А пока — тихое дыхание, такая нежность, такое робкое вступление в жизнь, и Софья Эдуардовна не удержалась, поцеловала ее в лоб, а Нюта, наверно в полусне, улыбнулась ей, пошевелила спящими губами и пообещала выполнить все, что та наказала ей; правда, лишь пошевелила губами, однако Софья Эдуардовна услышала, шепнула: «Спасибо, деточка», но Нюта уже снова спала со своей полуулыбкой.
Глагол
В один из дней той ноябрьской поры, когда ленинградское небо уже с утра нелюдимо, а там и вовсе загустеет, как сыворотка, Садовников, побывав по ходу своей работы и в Публичной библиотеке, и в Пушкинском доме, решил посвятить остаток дня книгам. От своего отца, известного историка, он унаследовал не только часть его большой библиотеки, но и пристрастие к собирательству.
Отец, московский профессор Михаил Николаевич Садовников, дружил со многими книжниками и в других городах, особенно в Ленинграде, где жил его приятель, старый книжник Чуляев, снабжавший его всевозможными книгами, помимо книг по истории. После смерти отца, разбирая его библиотеку, сын поразился обилию интересов историка, которому поэзия была так же близка, как и книги по истории Древней Руси.
Бывая в Ленинграде в связи со своей диссертацией на тему о гуманизме русской демократической литературы, Садовников знал и тихие, долгие часы не в одном из книгохранилищ, знал и любезные сердцу скитания по букинистическим магазинам Невского, или Литейного, или Петербургской стороны, где некоторые книжники еще помнили отца с его страстью к книгам, а людей такого толка старые книжники считали человеком их цеха, мастеровым их племени...
Когда отец умер, в числе других присланных телеграмм и писем было письмо и от Трофима Никаноровича Чуляева. Он, наверно, плохо видел, потому что строчки ползли во все стороны, писал по-старинному: «Соболезную по случаю кончины уважаемого Михаила Николаевича, да будет ему земля пухом», и Садовников растрогался, читая это письмо.
Он еще в Москве решил непременно повидать в этот свой приезд Трофима Никаноровича, напомнить об отце, сказать, что унаследовал от него страсть к книгам, и покаяться, что не прочь поживиться чем-нибудь.
Чуляев жил на Обводном канале, и уже горели фонари, лишь белесо освещавшие ноябрьскую муть, а квартира Чуляева оказалась во дворе, за похожей на тоннель аркой ворот, в старинном доме, даже не петроградском или петербургском, а санкт-петербургском, и, наверно, такие же крутые колена лестницы одолевали в свою пору герои Достоевского.
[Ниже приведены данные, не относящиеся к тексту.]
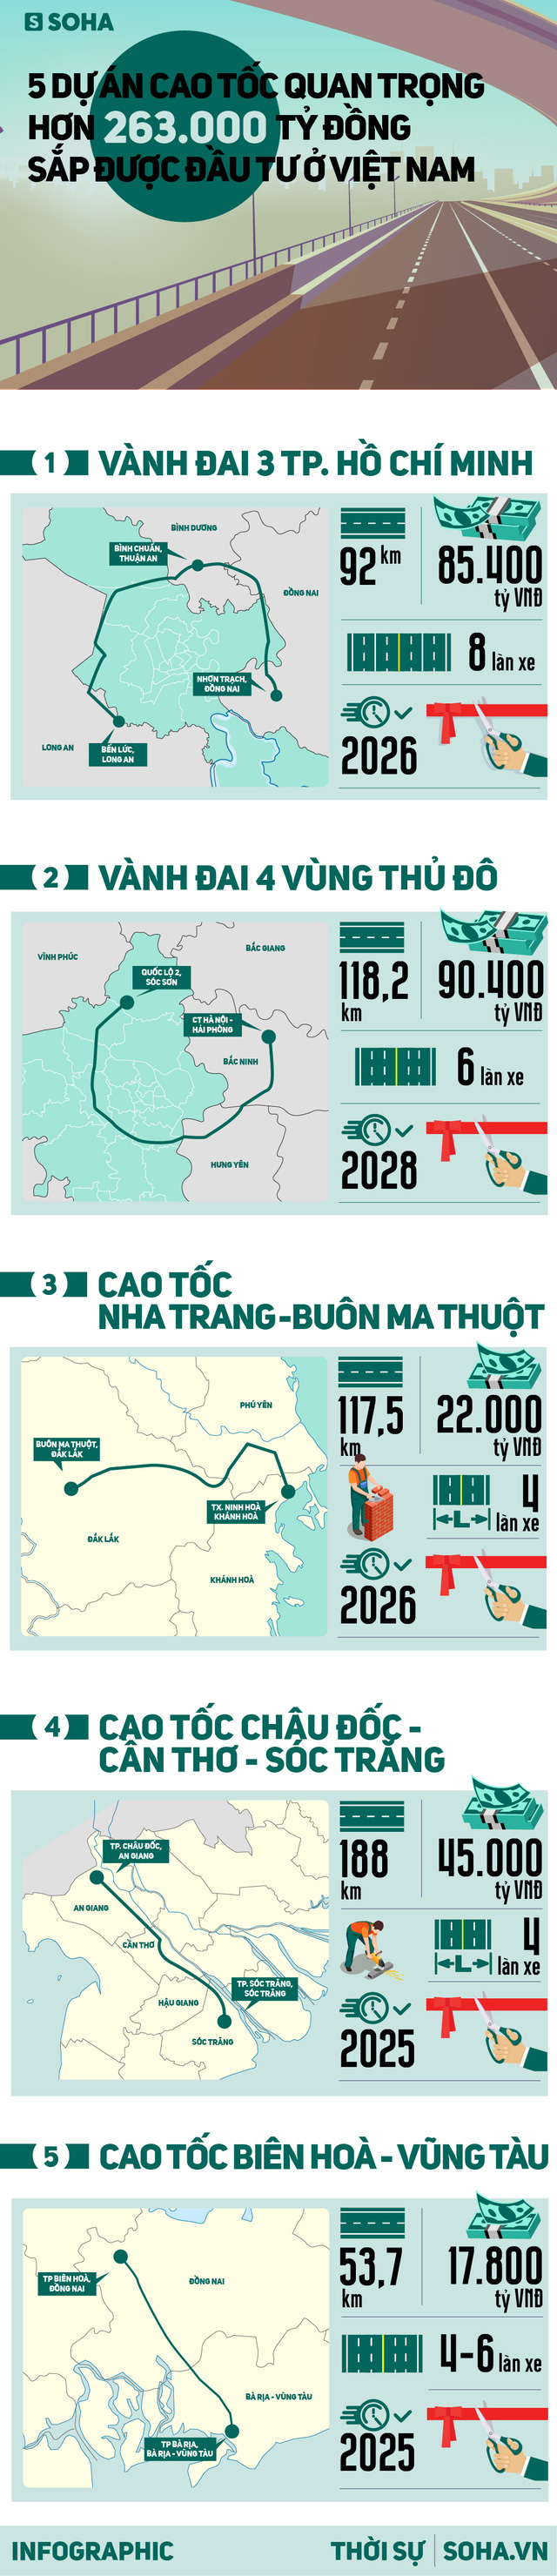 Quy mô khủng của 5 dự án cao tốc 263.000 tỷ ở Việt Nam sắp được đầu tư - Ảnh 1.

Он нашел возле обитой клеенкой, с торчащим кое-где войлоком, двери звонок, ждал, что услышит шаркающие, стариковские шаги, но простукали легкие каблучки, и какая-то девушка, которую он не разглядел в полутьме, открыла ему дверь.
— Трофима Никаноровича можно видеть? — спросил он.
Девушка отступила, грустно посмотрела на него, и теперь он разглядел ее милое лицо с серыми, строгими глазами.
— А вы кто? — спросила она.
Садовников назвал себя, назвал и своего отца.
— Дедушка два года назад умер, — сказала она. — Я его внучка, пройдите, пожалуйста.